Reputation: 11431
Identifying unique
values is straight forward when the data is well behaved. Here I am looking for an approach to get a list of approximately unique values from a character vector.
Let x
be a vector with slightly different names for an entity, e.g. Kentucky loader
may appear as Kentucky load
or Kentucky loader (additional info)
or somewhat similar.
x <- c("Kentucky load" ,
"Kentucky loader (additional info)",
"CarPark Gifhorn (EAP)",
"Car Park Gifhorn (EAP) new 1.5.2012",
"Center Kassel (neu 01.01.2014)",
"HLLS Bremen (EAP)",
"HLLS Bremen (EAP) new 06.2013",
"Hamburg total sum (abc + TBL)",
"Hamburg total (abc + TBL) new 2012")
What I what to get out is something like:
c("Kentucky loader" ,
"Car Park Gifhorn (EAP)",
"Center Kassel (neu 01.01.2014)",
"HLLS Bremen (EAP)",
"Hamburg total (abc + TBL)")
Idea
But I guess this will be a standard task (for those R users working with "dirty" data regularly), so I assume there will be a set of standard approaches to it.
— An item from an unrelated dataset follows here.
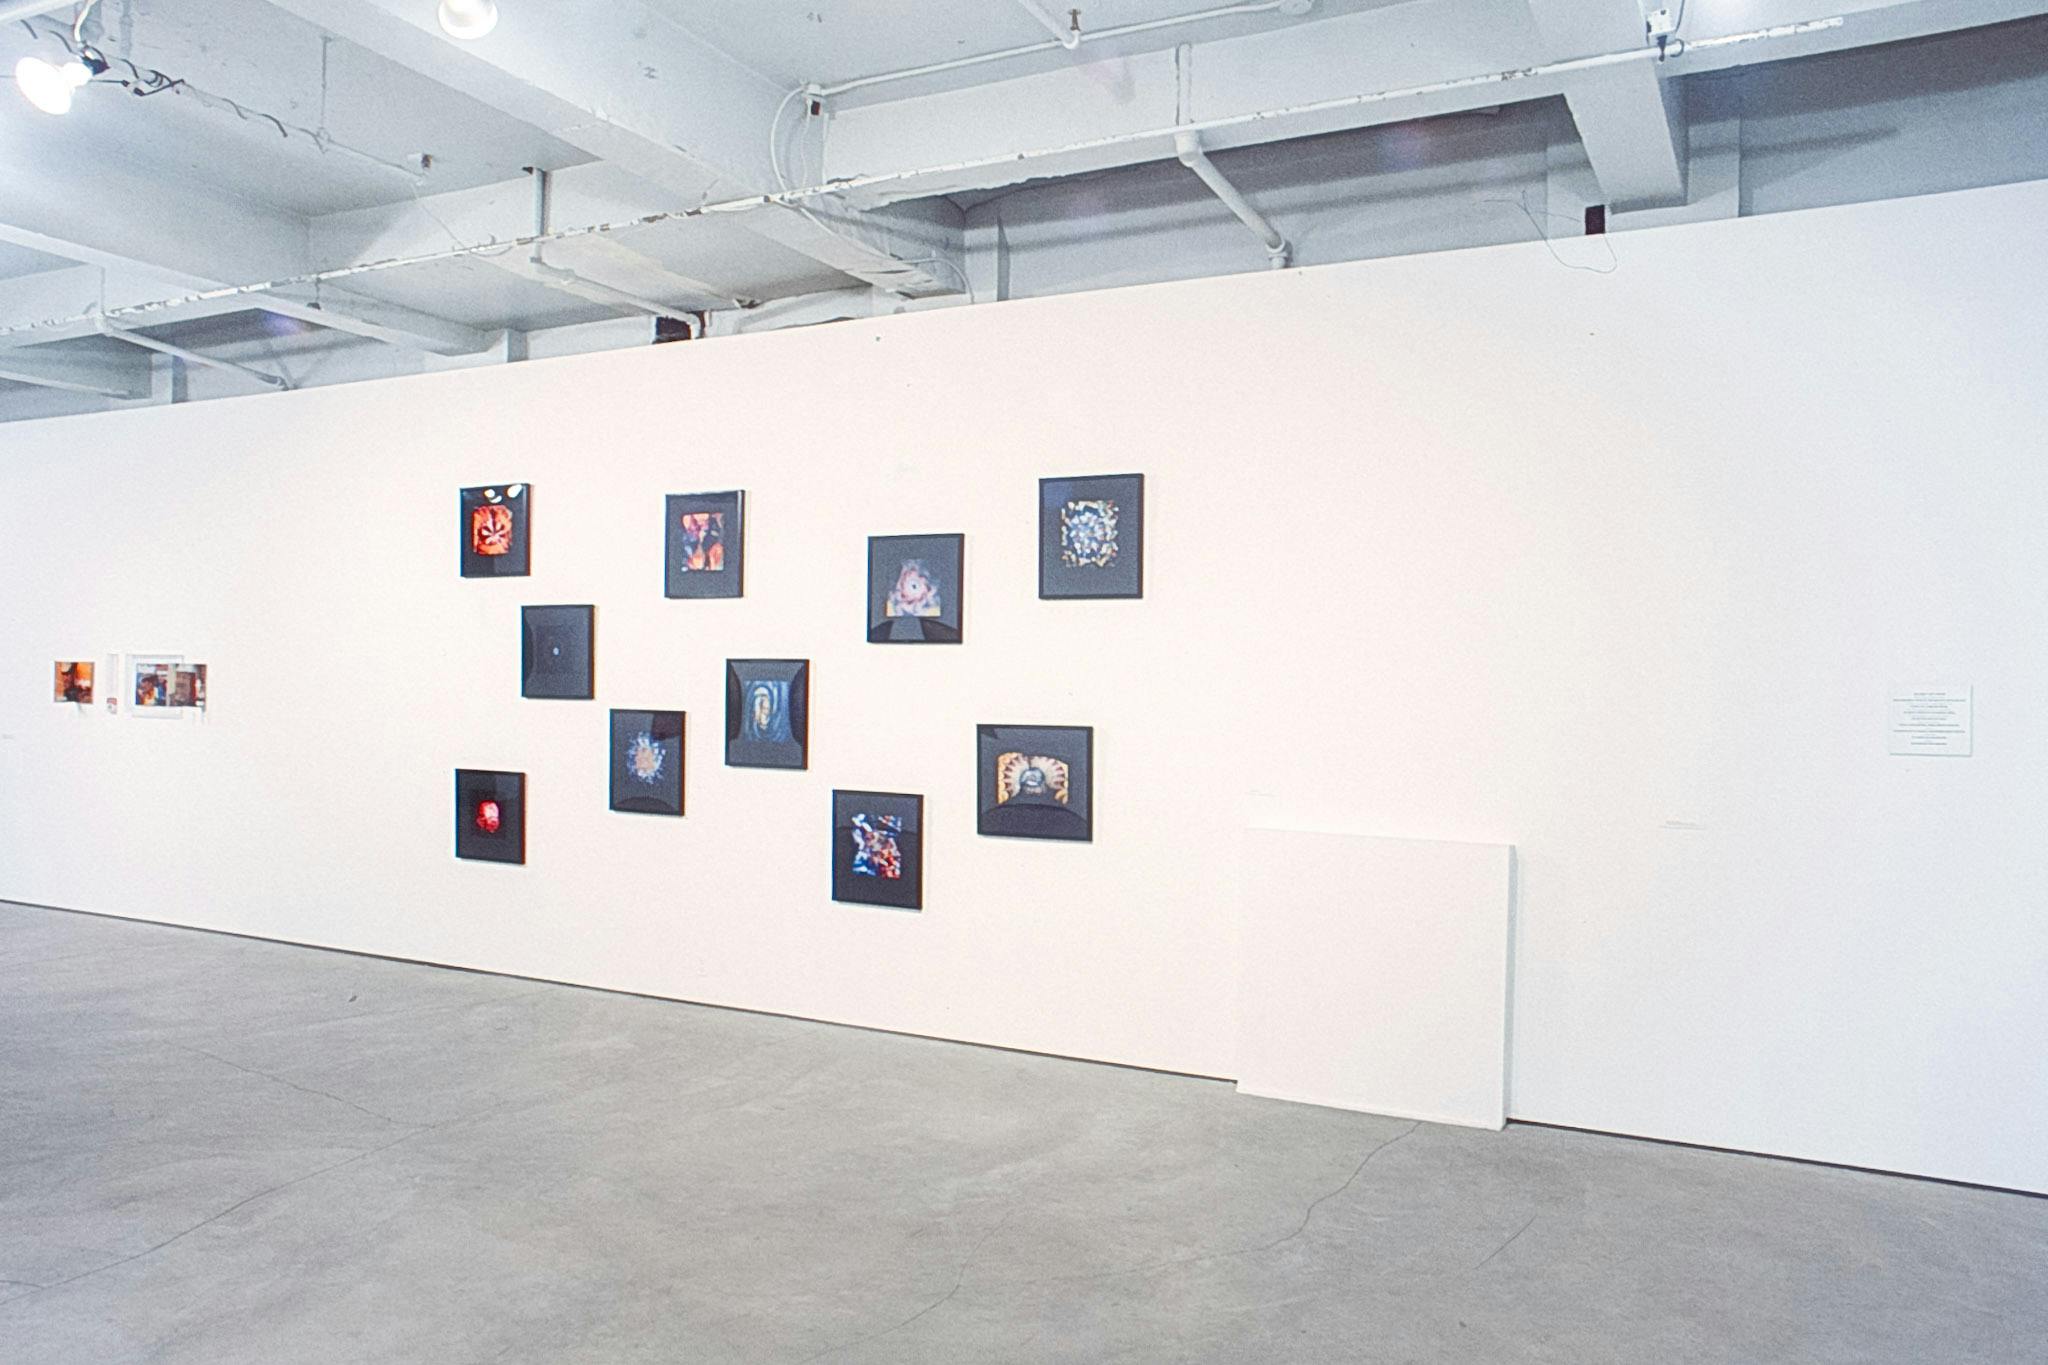 A white wall in a gallery, showing several images in black frames, mounted that resemble views from a kaleidoscope. In the corner, small digital collages are also mounted on the wall.

Does someone have a hint or is there a package that does this?
Upvotes: 3
Views: 159
Reputation: 24945
As @Jaap said, try playing with OpenRefine. The data carpentry course is pretty good.
If you do want to stay in R, here's a solution for your example, using agrepl
:
z <- sapply(x, function(z) agrepl(z, x, max.distance = 0.2))
apply(z, 1, function(myz) x[myz][which.min(nchar(x[myz]))])
Which gives the smallest match in chars found for each member of x:
[1] "Kentucky load" "Kentucky load" "CarPark Gifhorn (EAP)"
[4] "CarPark Gifhorn (EAP)" "Center Kassel (neu 01.01.2014)" "HLLS Bremen (EAP)"
[7] "HLLS Bremen (EAP)" "Hamburg total sum (abc + TBL)" "Hamburg total sum (abc + TBL)"
This is good if you want to keep order of your vector to match others (or use on a column of a dataframe).
You can call unique
on this output to get your desired output.
Upvotes: 2